=== Begin Enclosure ===

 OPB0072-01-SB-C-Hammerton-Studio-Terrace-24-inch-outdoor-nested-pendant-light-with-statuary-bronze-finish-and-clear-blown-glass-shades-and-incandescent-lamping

=== End Enclosure ===
=== Begin Enclosure ===

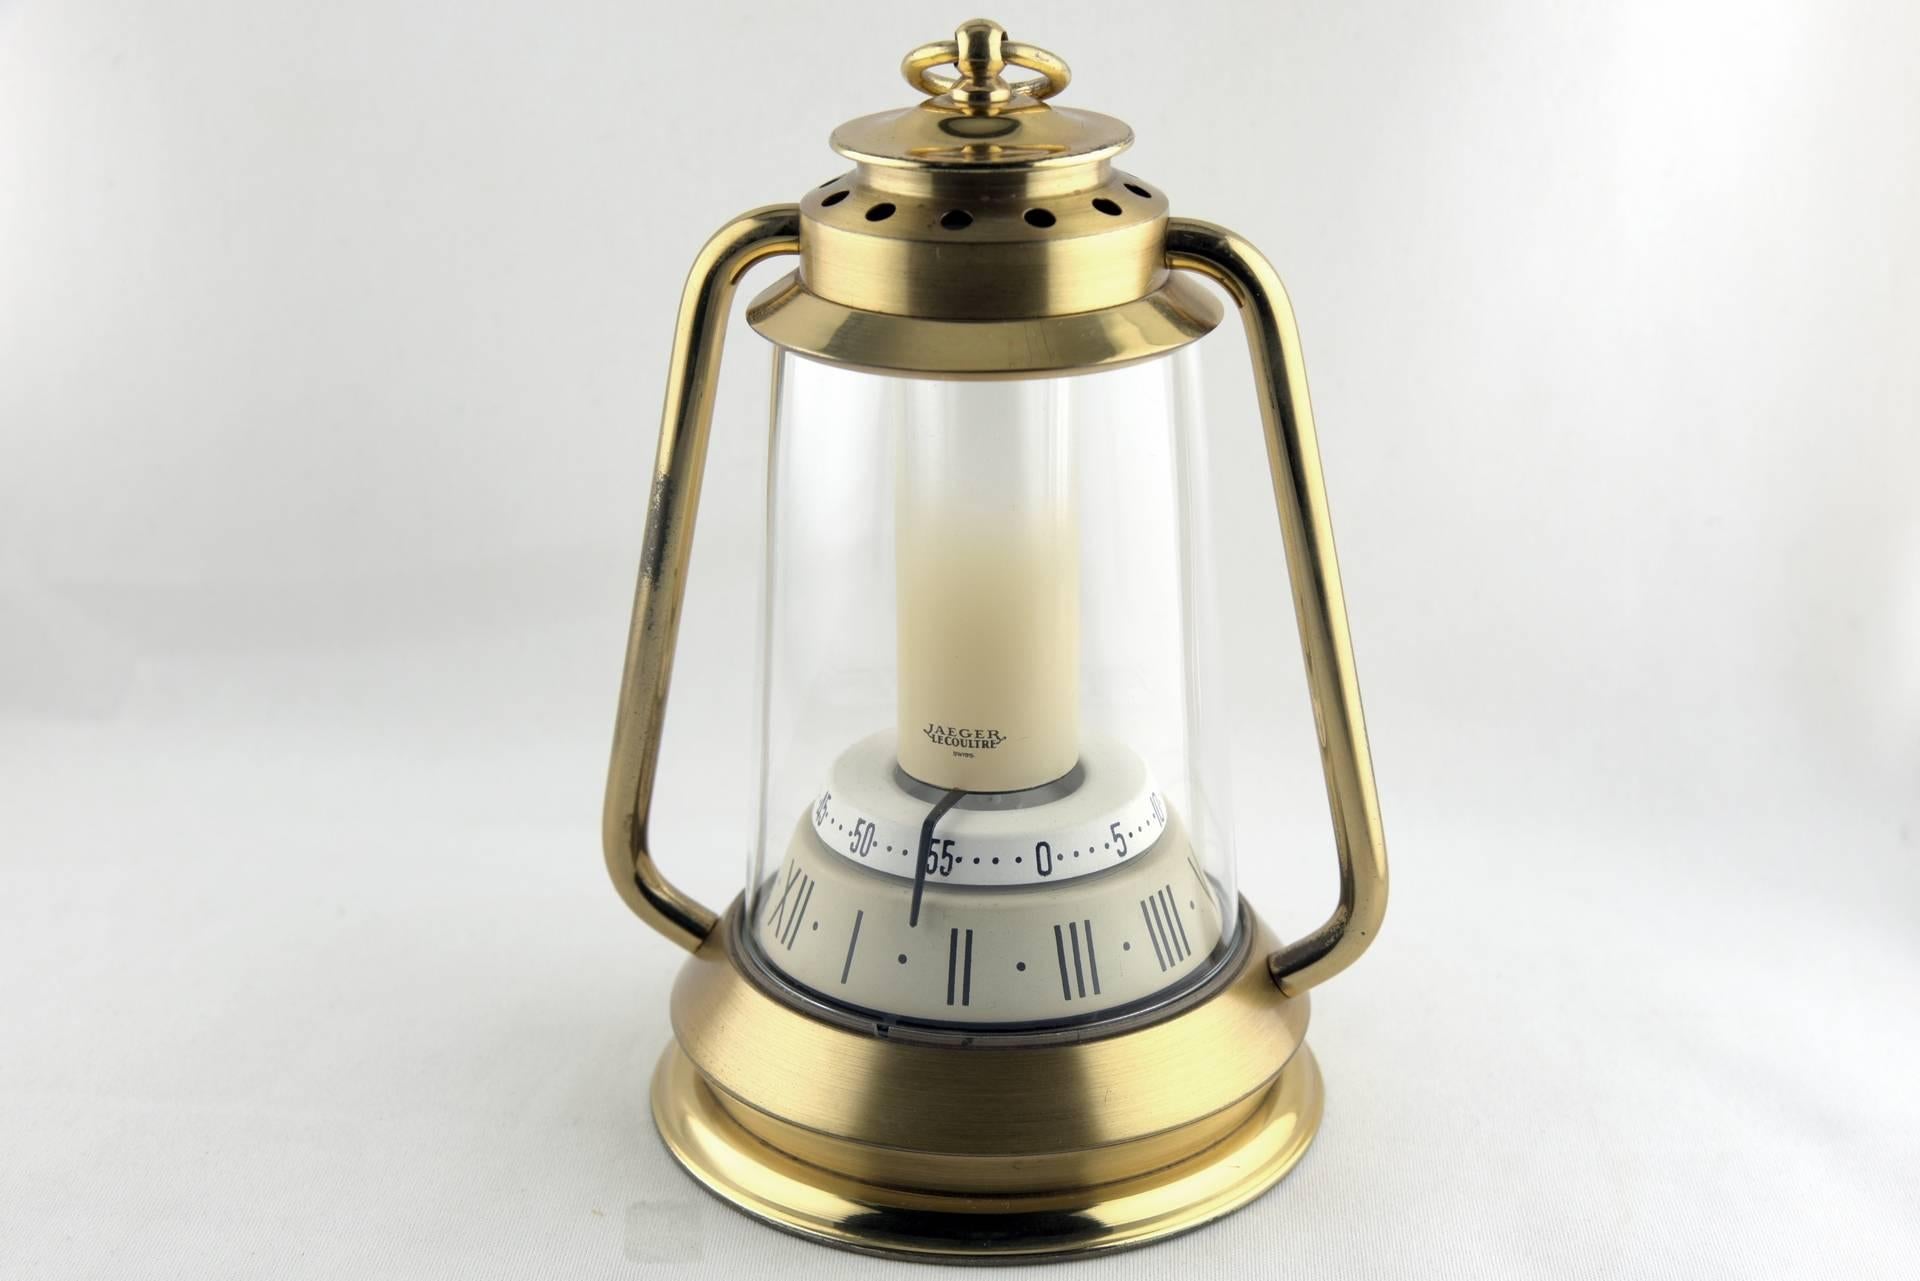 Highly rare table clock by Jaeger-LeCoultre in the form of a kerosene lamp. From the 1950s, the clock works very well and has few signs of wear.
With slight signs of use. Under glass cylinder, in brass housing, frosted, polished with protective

=== End Enclosure ===

_Task statement_
What belongs in the answer is each line above from the line with "Highly rare table" to the line with "With slight signs", inclusive, reproduced exactly and free of pictures.

_Result for this exercise_
 Highly rare table clock by Jaeger-LeCoultre in the form of a kerosene lamp. From the 1950s, the clock works very well and has few signs of wear.
With slight signs of use. Under glass cylinder, in brass housing, frosted, polished with protective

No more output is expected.